Шрифт:
Интервал:
Закладка:
Принеси мне молочный коктейль
Закопай в своем саду восемь долларов и отметь место красной лентой, чтобы я смогла их найти
Оставь на своих ступенях хорошую книгу, чтобы я могла взять ее почитать
Пригласи меня на танцы и позволь отказать
Позвони мне в полночь и скажи, что любишь меня
Никогда больше не надевай это платье, я хочу его
Сделай татуировку с моим портретом (но постарайся, чтобы она получилась красивой)
Приготовь мне лазанью
Постарайся изо всех сил и заставь меня заплакать
– Что это? – взяв в руку оранжевый шарик, требующий лазанью, спросила я.
– Хло, ты когда-нибудь читала книги по самосовершенствованию?
– Нет вроде.
Она выхватила шарик с лазаньей из моих рук, развязала ленту и отпустила его. Мы наблюдали, как он поднялся к облакам, похожий на маленькое заходящее солнце, только за ним еще тянулся блестящий огненный хвост.
Потом Руби развязала зеленый шарик с желанием закопать восемь баксов, которых как раз хватило бы на пачку сигарет, хотя она не должна была их покупать, потому что мне не нравилось, что она курила. Мы наблюдали и за ним.
– Короче, в одной такой книге я прочла, что ты должен просить то, чего хочешь, иначе никто не догадается дать тебе это, – сказала сестра.
Я засмеялась, но она была абсолютно серьезной.
– Знаешь, чего я хочу? Чего-нибудь веселого для разнообразия. Я хочу, чтобы люди работали на меня, потому что обычно это я стараюсь за них изо всех сил.
Она что, шутила?
Нет, на ее лице не было и тени улыбки.
Ее голова закрывала мне вид на шарики. Она стояла очень близко, так близко, что ее нос расплывался в бледное неясное пятно. Я поразилась, насколько симметричной была родинка на ее щеке – настоящий круг, как будто создатель рисовал ее самым маленьким в мире циркулем и при этом не сбился.

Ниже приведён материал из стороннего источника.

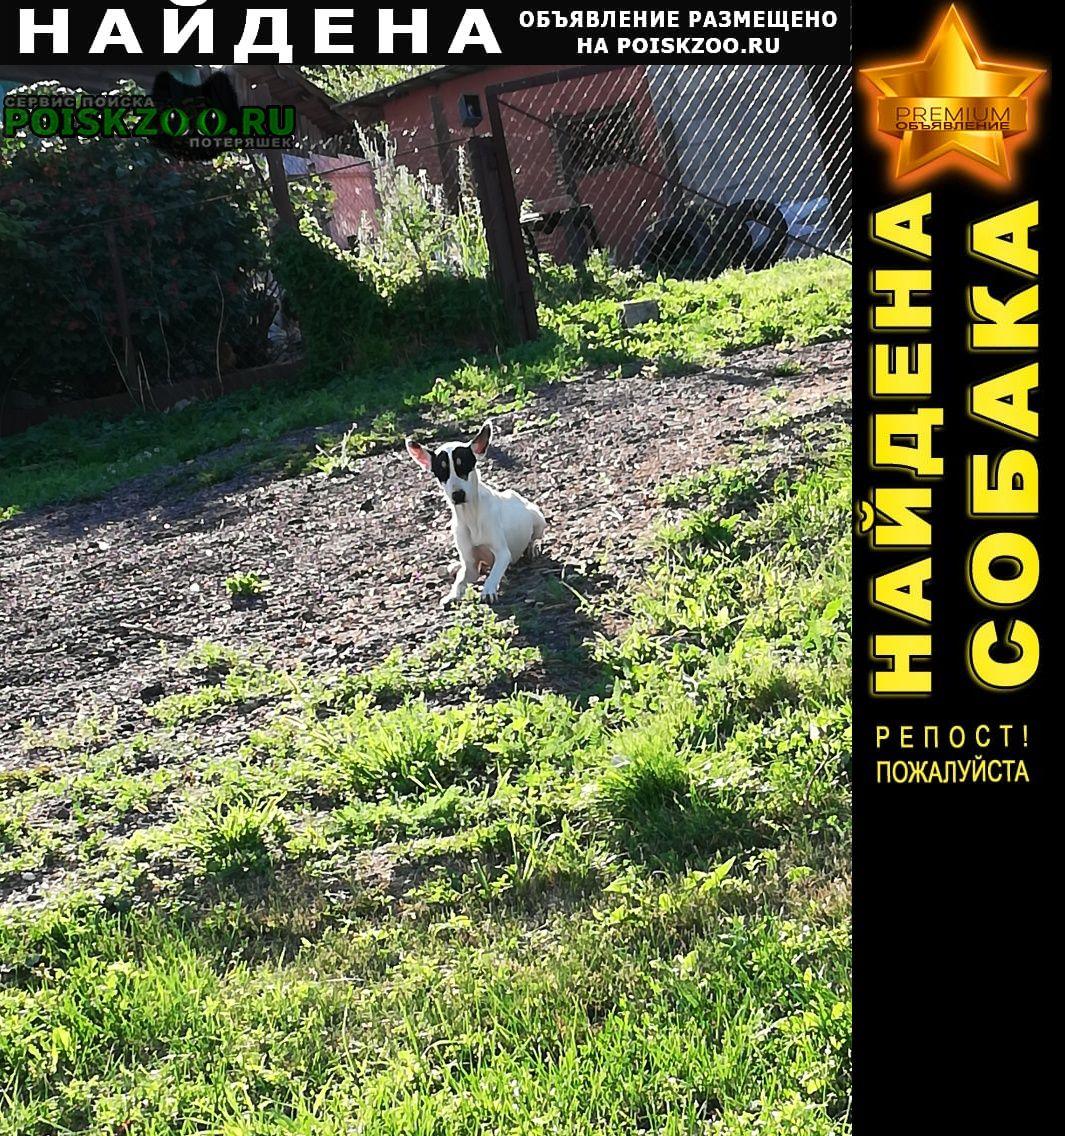 Найдена собака белая с черными пятнами Коломна

– В этот раз я хочу чего-то исключительно для себя, – продолжала Руби. – Ну, тебе, Хло, тоже можно будет съесть кусочек лазаньи, но ты понимаешь, о чем я.

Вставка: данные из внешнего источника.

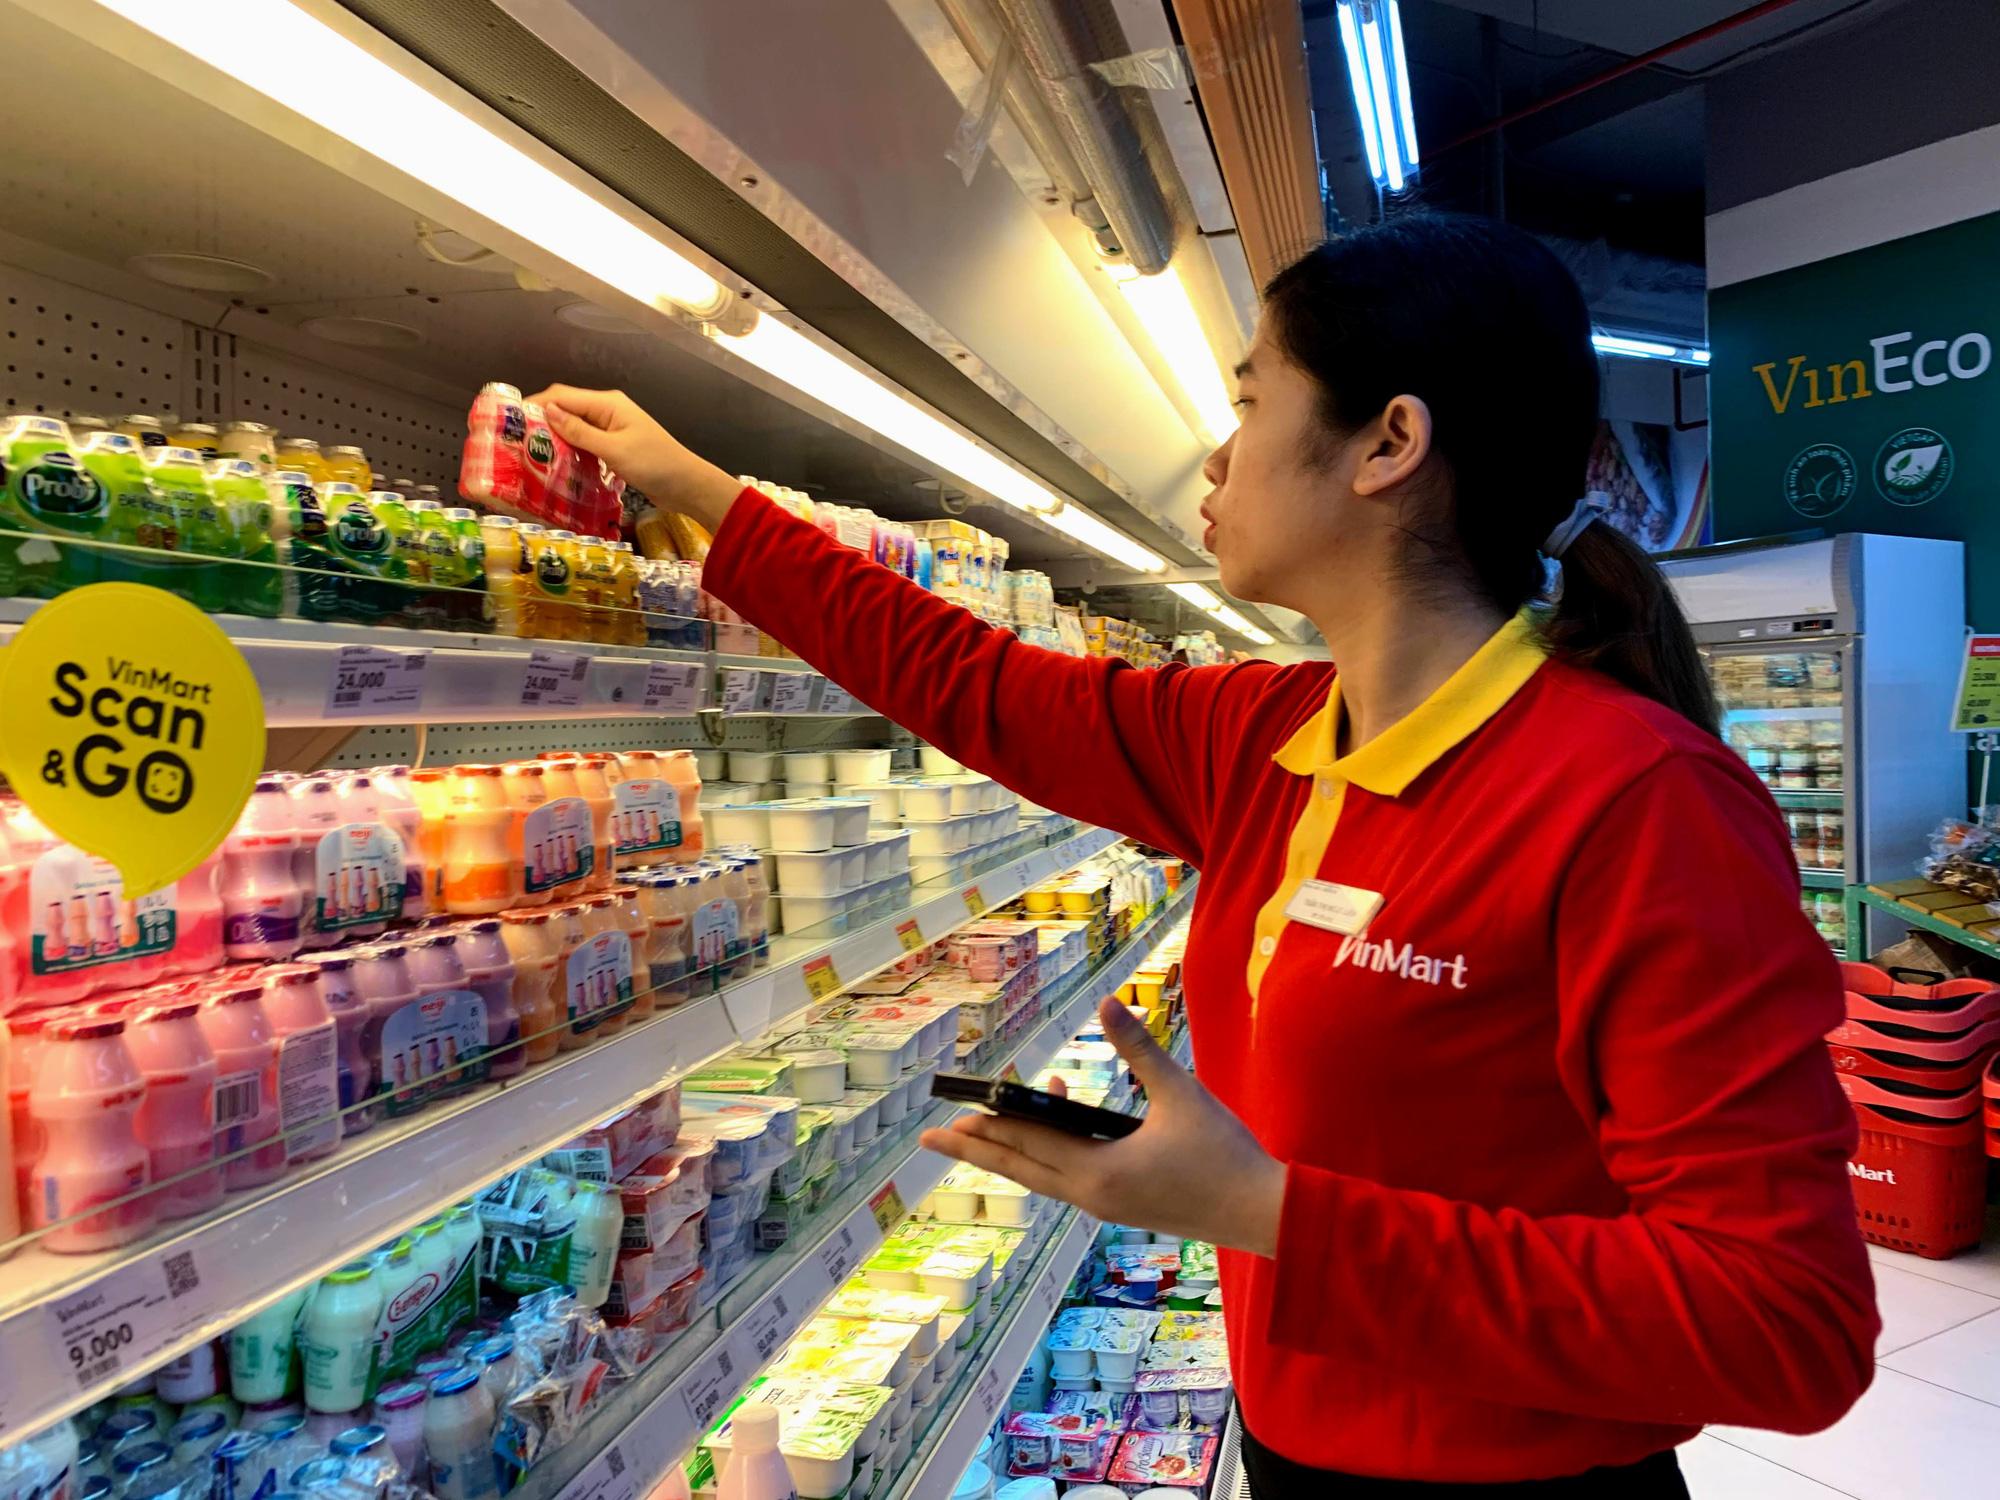 Hàng hoá trở lại đầy ắp trong siêu thị, người dân thảnh thơi mua sắm - Ảnh 6.

Понимали ли я? Насколько я могла судить, моя сестра всегда получала все, что хотела. И если даже это не всегда удавалось ей с первого раза, она возвращалась и брала, что ей нужно, и никто не мог остановить ее.
В этом заключалась ее магия – как все таяли рядом с ней и позволяли ей брать и брать; это было ее чарами.
Но вдруг ей стало этого мало.
Руби хлопнула в ладоши, от чего я подскочила на месте.
– Как я хочу побыстрее отпустить все шарики! – завизжала она. – Не могу видеть их привязанными. Прикованными к одному месту. Печальное зрелище.
Сестра быстро развязала красный шарик и отпустила его.
– А теперь ты. Отпусти какой-нибудь тоже.
Я сделала, как она просила, без всяких вопросов. Отправила бирюзовый шарик навстречу солнцу.
– Ты хочешь, чтобы кто-нибудь пригласил тебя на танцы, а сама скажешь ему «нет»?
Руби кивнула, так что я отвязала его и отпустила на свободу.
– Мне нравится, когда меня приглашают, – сказала она. – И мне не обязательно говорить «нет». Все будет зависеть от того, кто пригласит. Но если этот кто-то будет знать, что я могу отказать ему, то удивится, если я соглашусь, разве это не мило?
– Если ты согласишься.
– Ты права, скорее всего я откажу ему. – Сестра улыбнулась и заправила мои волосы за уши, хотя в этом не было никакой необходимости. Она была довольна мной. Я делала то, что хотелось ей. – Ты знаешь меня лучше любого другого человека в мире, Хло. Ты могла бы написать обо мне книгу. И если бы ты стояла перед расстрельной командой и они должны были бы продырявить тебе голову, если ты не сможешь правильно ответить на вопрос, а вопрос этот был бы обо мне, то твоя голова осталась бы целой и невредимой, Хло.
Теперь я улыбалась, ничего не могла с этим поделать. Она знала, как мне нравилось слышать, что я была единственной, кто по-настоящему знал ее. Мне нравилось, когда она напоминала мне об этом.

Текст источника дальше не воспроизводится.